## SUPPLIED DATA

************

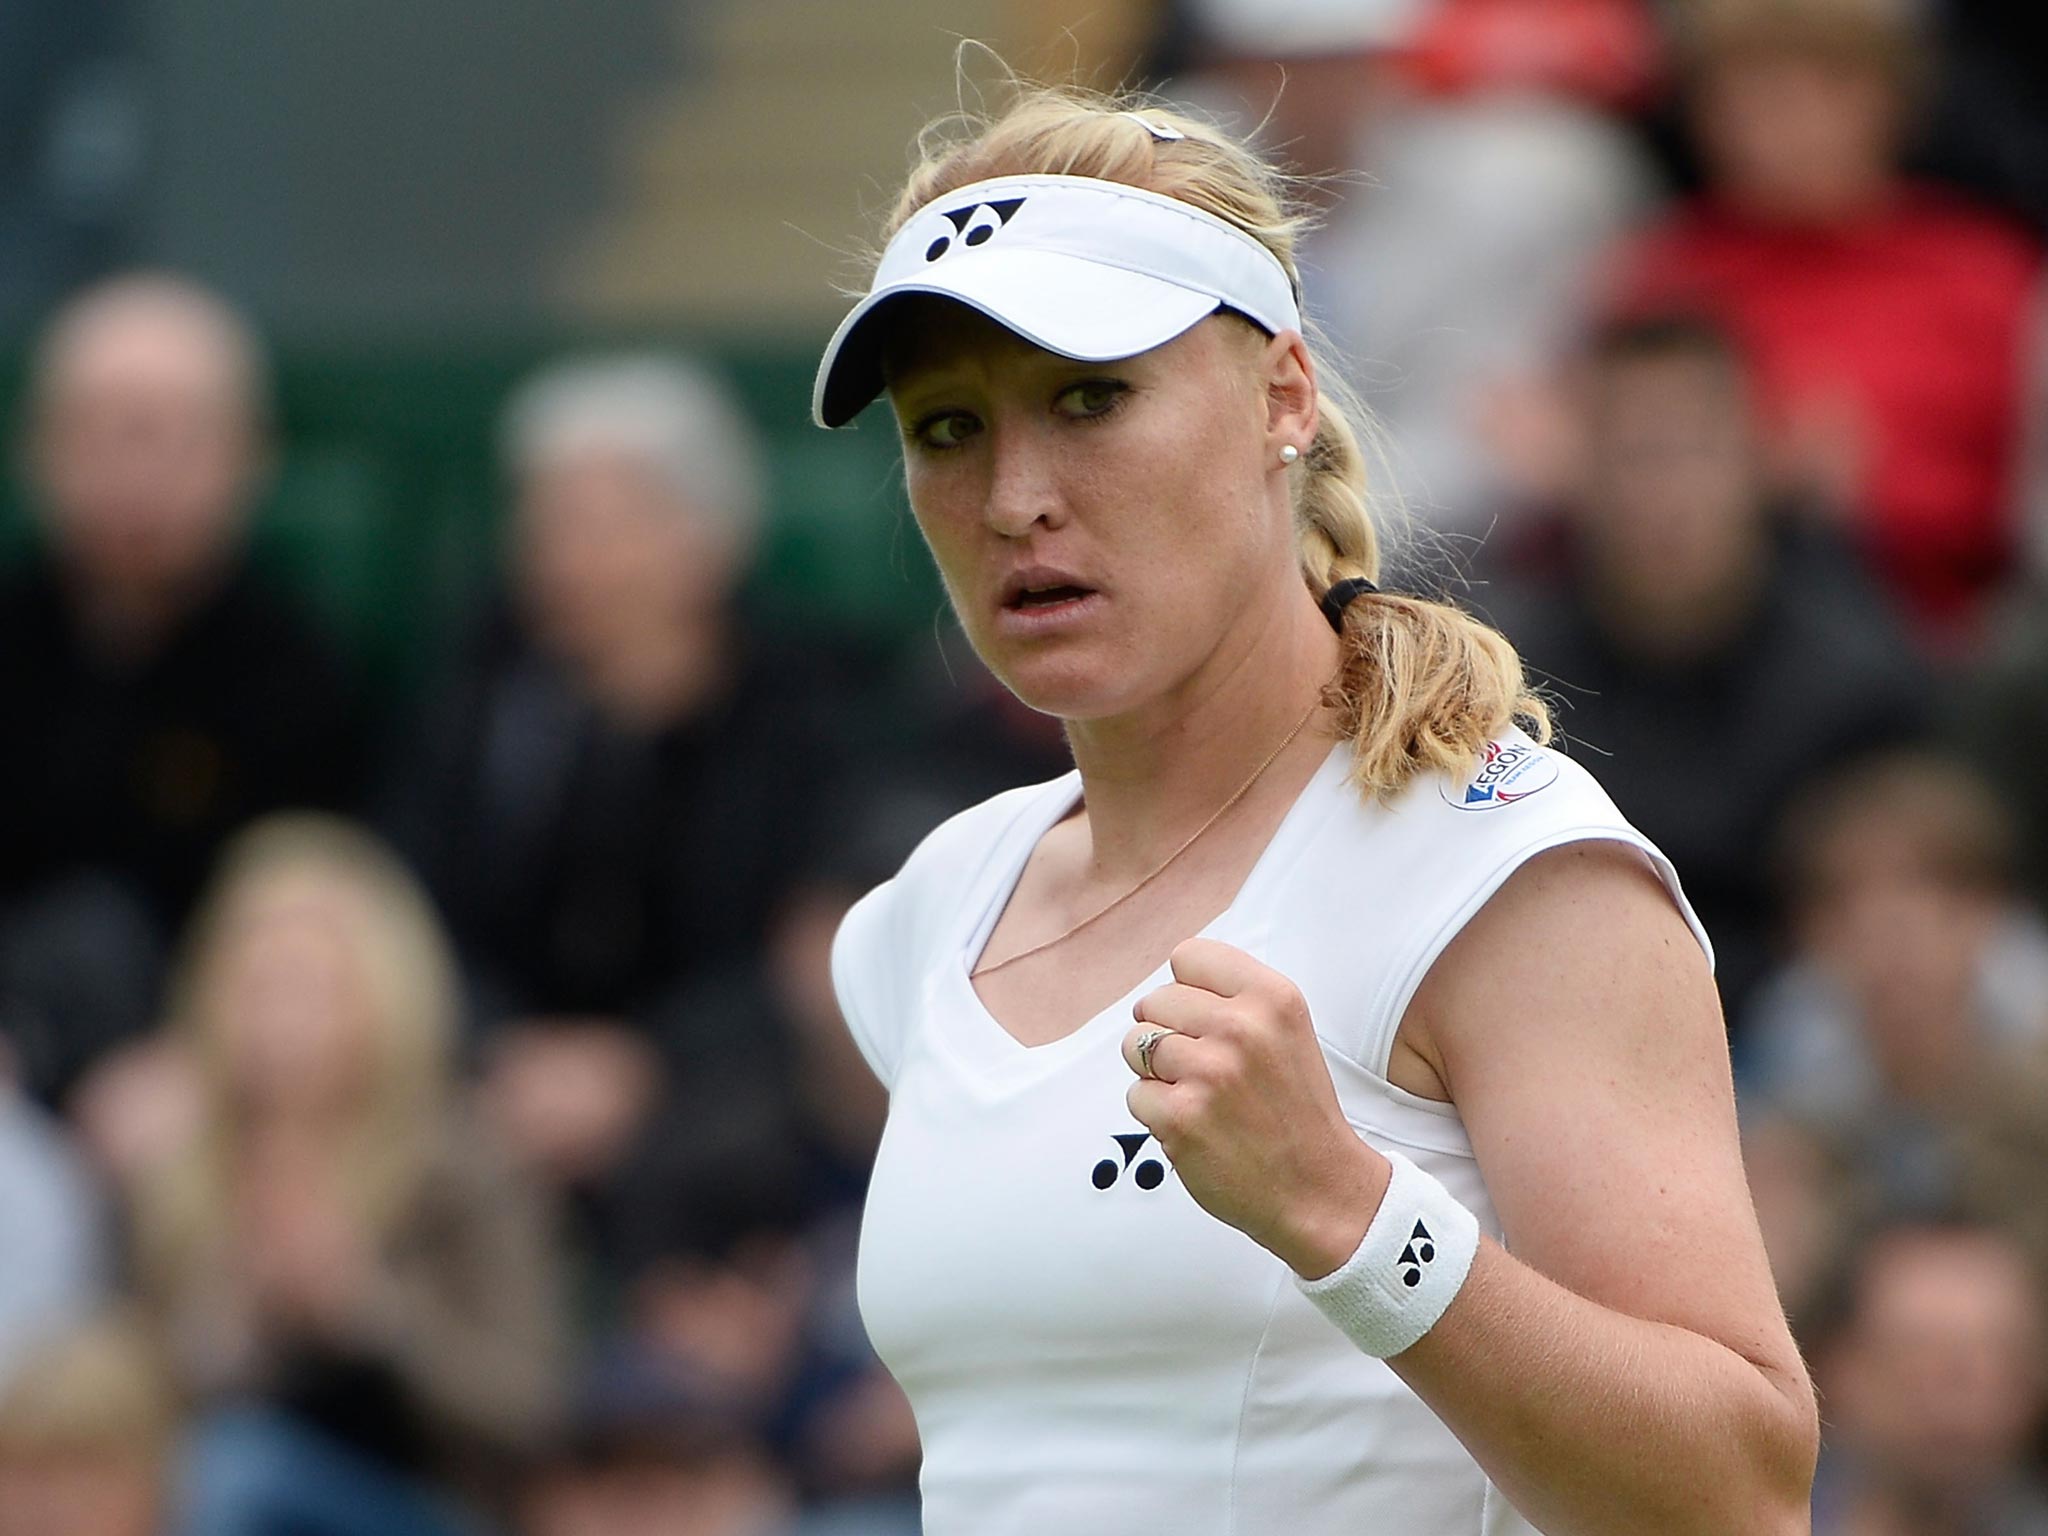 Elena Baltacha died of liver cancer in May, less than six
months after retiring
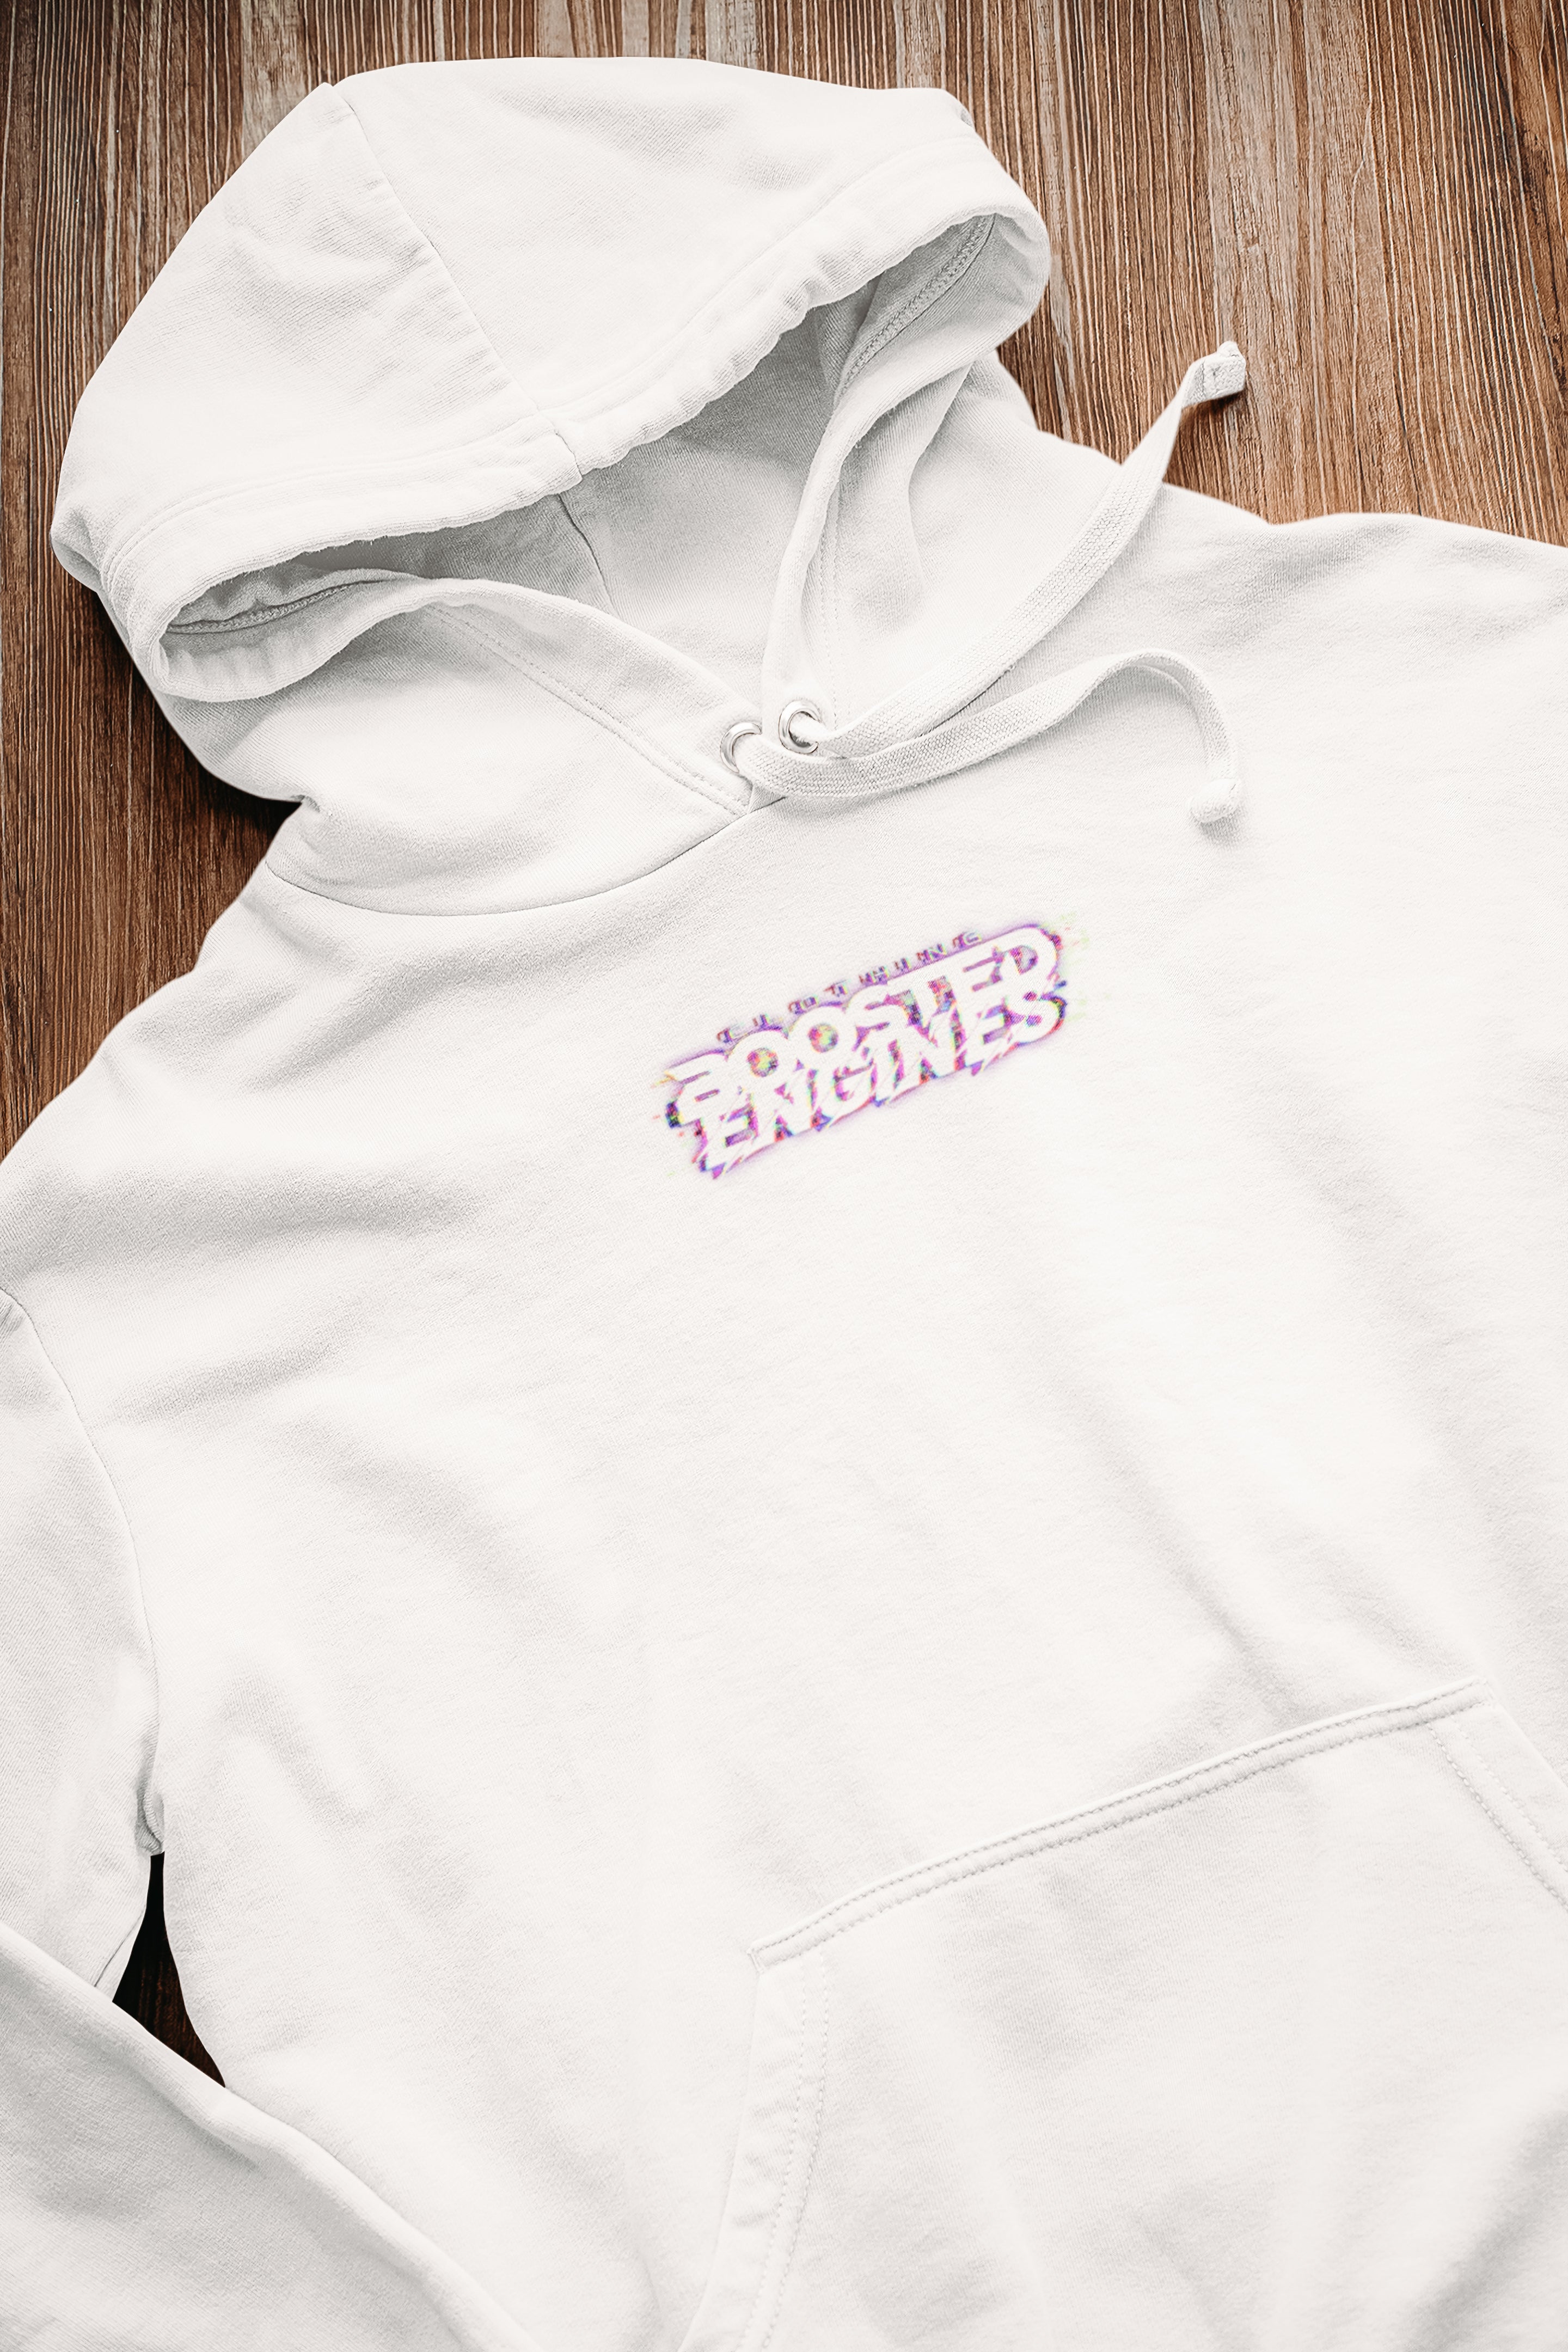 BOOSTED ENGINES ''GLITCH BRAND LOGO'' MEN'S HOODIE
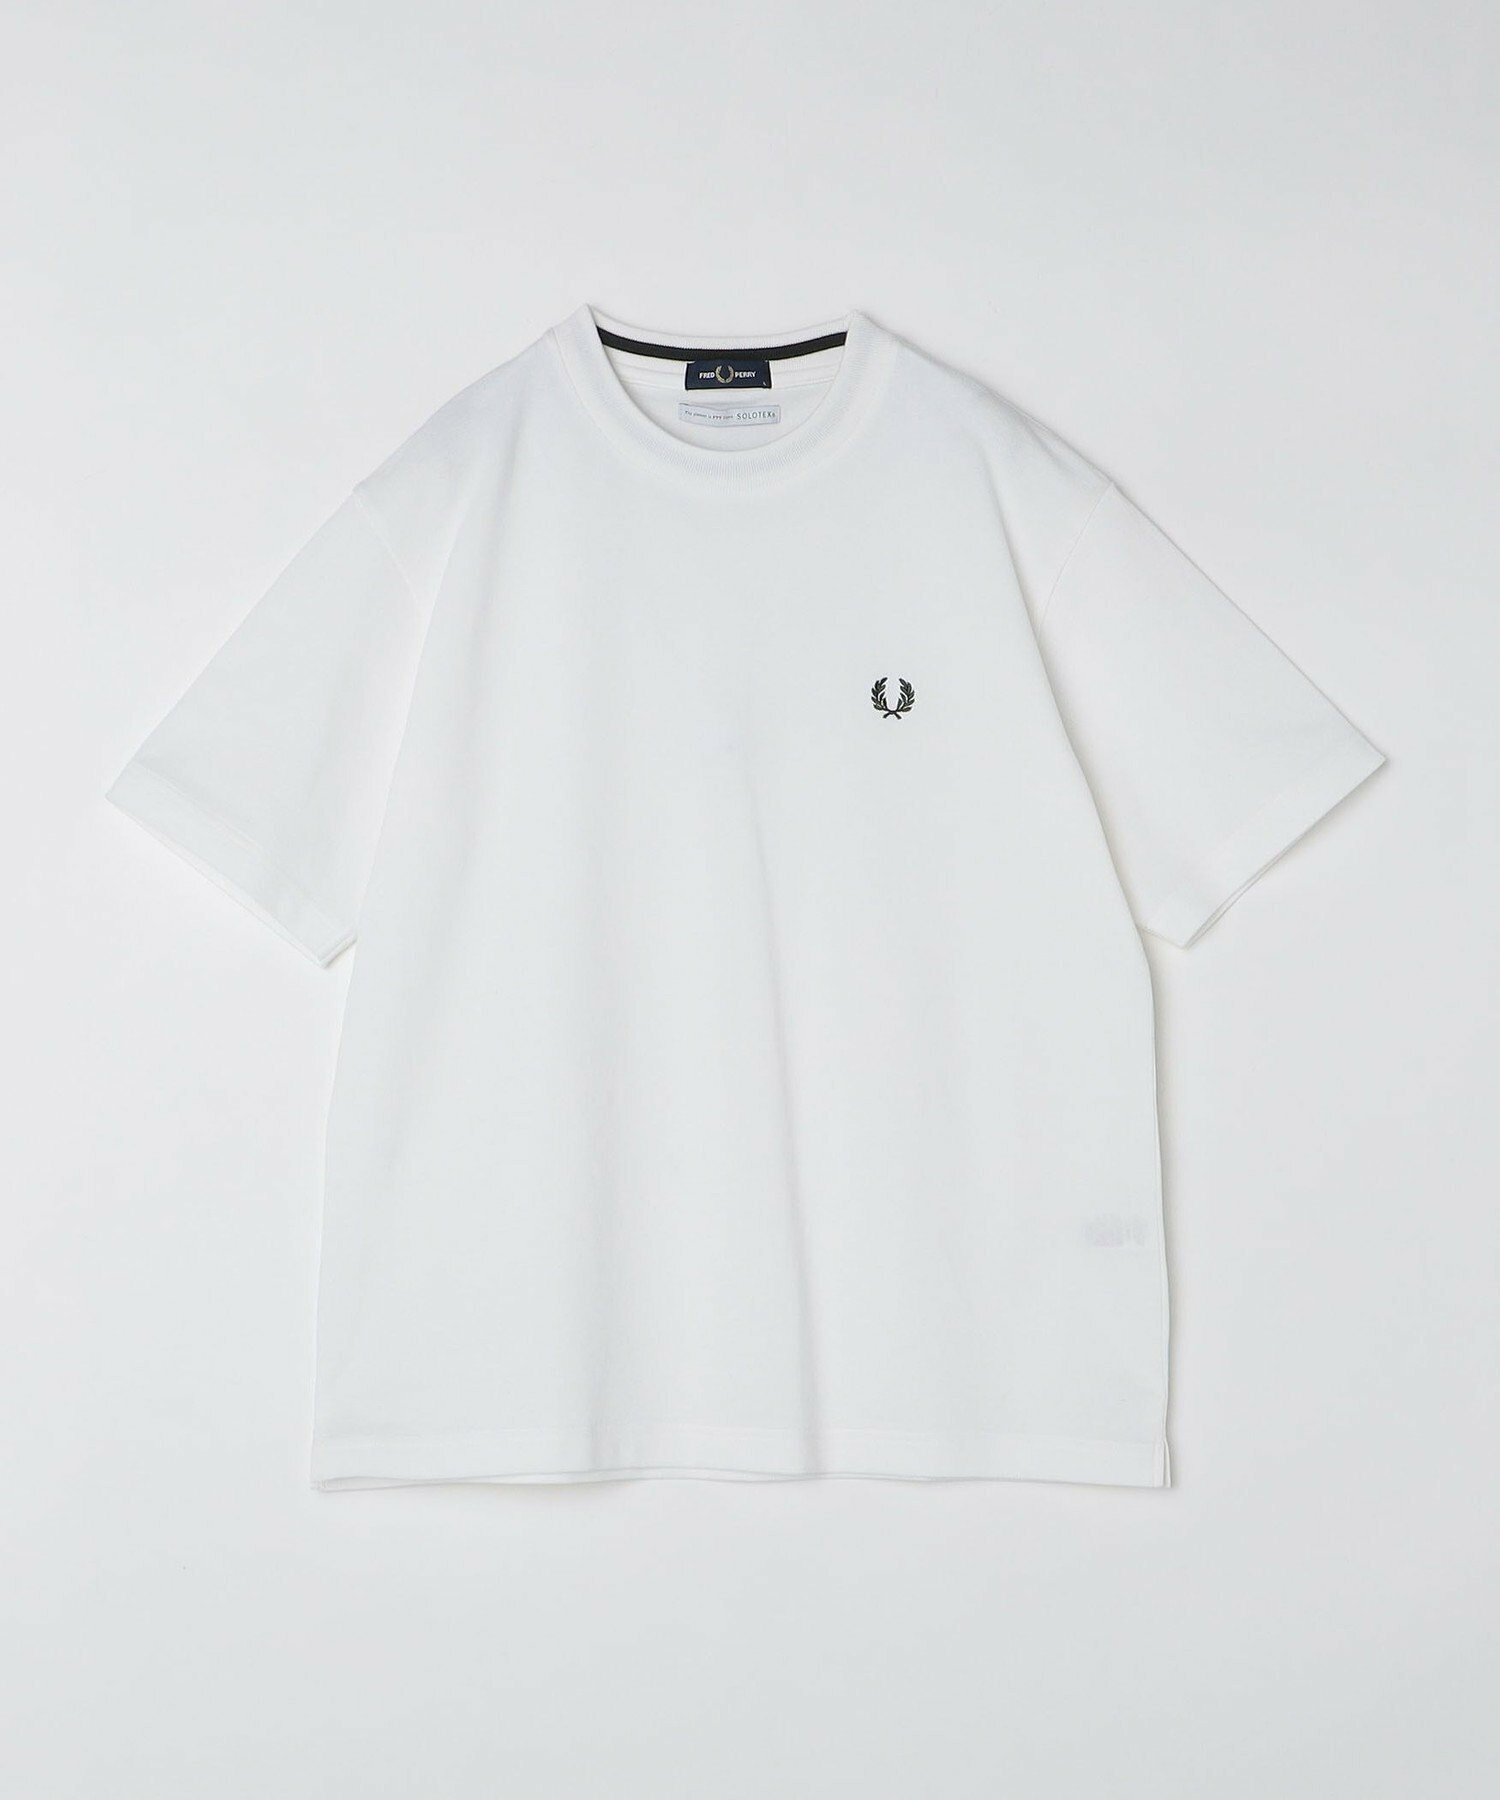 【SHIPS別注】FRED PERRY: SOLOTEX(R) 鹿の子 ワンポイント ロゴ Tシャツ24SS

************

## TASK TO COMPLETE
Could the data be reproduced exactly, with the pictures omitted?

## SOLUTION
 Elena Baltacha died of liver cancer in May, less than six
months after retiring
 BOOSTED ENGINES ''GLITCH BRAND LOGO'' MEN'S HOODIE
 【SHIPS別注】FRED PERRY: SOLOTEX(R) 鹿の子 ワンポイント ロゴ Tシャツ24SS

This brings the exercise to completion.